Wysiadła z taksówki pół kilometra od biura, miasto ponownie rozryło połowę ulic, aby położyć kanalizację, więc wjazd bezpośrednio pod budynek, w którym pracowała, był niemożliwy, a droga w tym miejscu tak zakorkowana, że dłużej czekałaby w korku, niż szła. Kochała zimę, ten cudowny czas, gdy wszystko otula śnieg, gdy sklepy oświetlone są tysiącami kolorowych lampek, a w radiu lecą świąteczne kawałki.

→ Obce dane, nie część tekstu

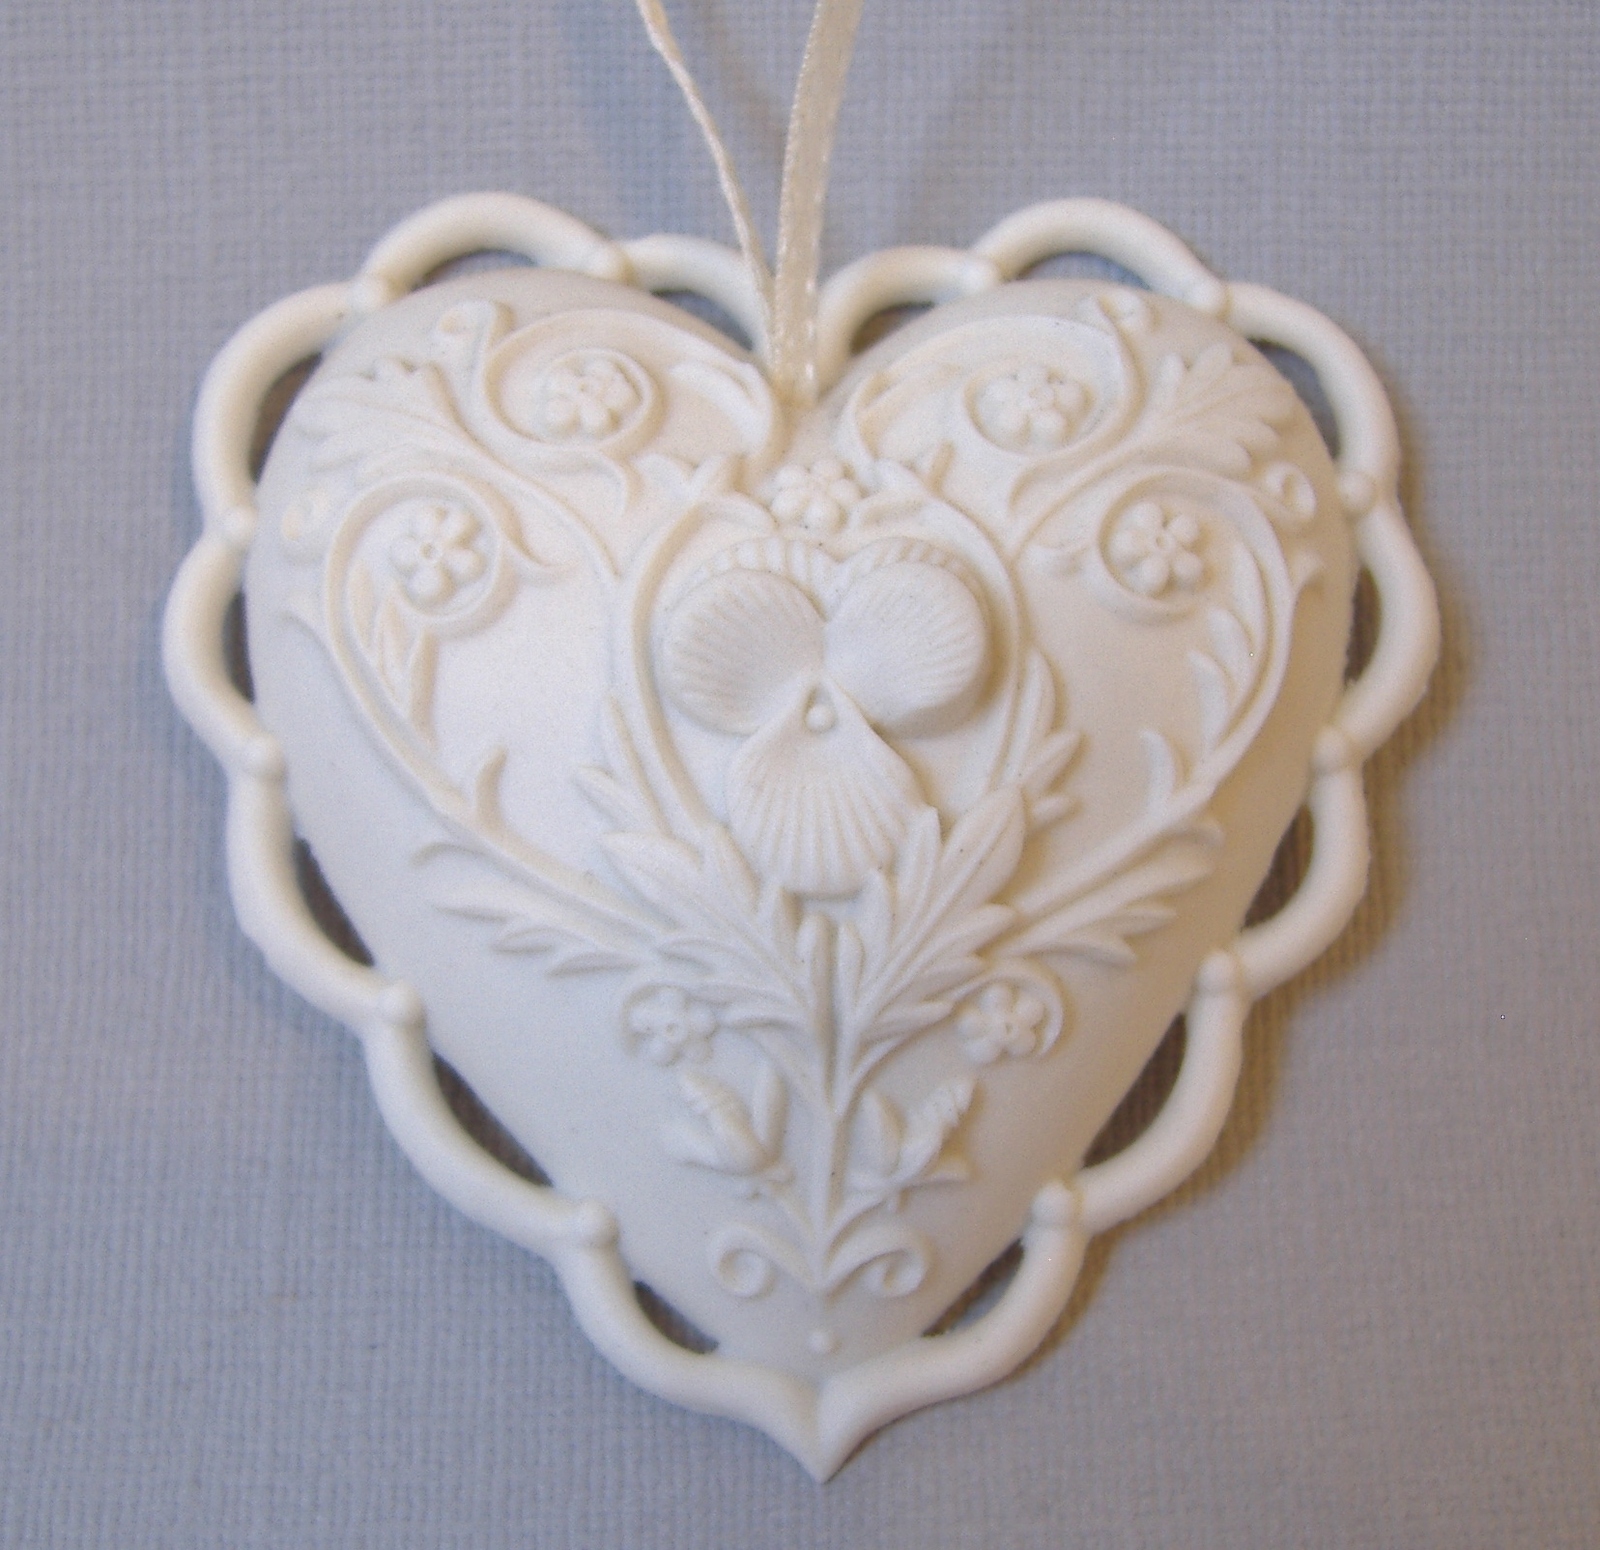 Primary image for From The Heart Margaret Furlong 1997 Ornate White Porcelain Victorian Ornament

Tylko że to, co działo się od tygodnia na dworze, z zimą nie miało wspólnego nic. Było mokro i ciemno, zimno wciskało jej się pod płaszcz i oblepiało, a mimo to była spocona i czuła, że jest jej za gorąco. Stres robił swoje, zaciskał się na niej coraz mocniej. Prawie biegła, żałując, że nie wyszła wcześniej, ale w nocy kończyła jeszcze projekt, a potem przełożyła budzik, wmawiając sobie, że pół godziny snu więcej jest jej potrzebne. Cóż, jedno tak, drugie pół godziny było zwyczajną głupotą.

Mężczyzna spieszył się tak jak i ona, też był spóźniony, na dodatek poirytowany i zmęczony, bo znów pracował pół nocy. Nie zauważył drobnej kobiety, wpadł na nią, zachwiał się i zaklął.

– Boże, przepraszam. – Rzucił się, aby jej pomóc.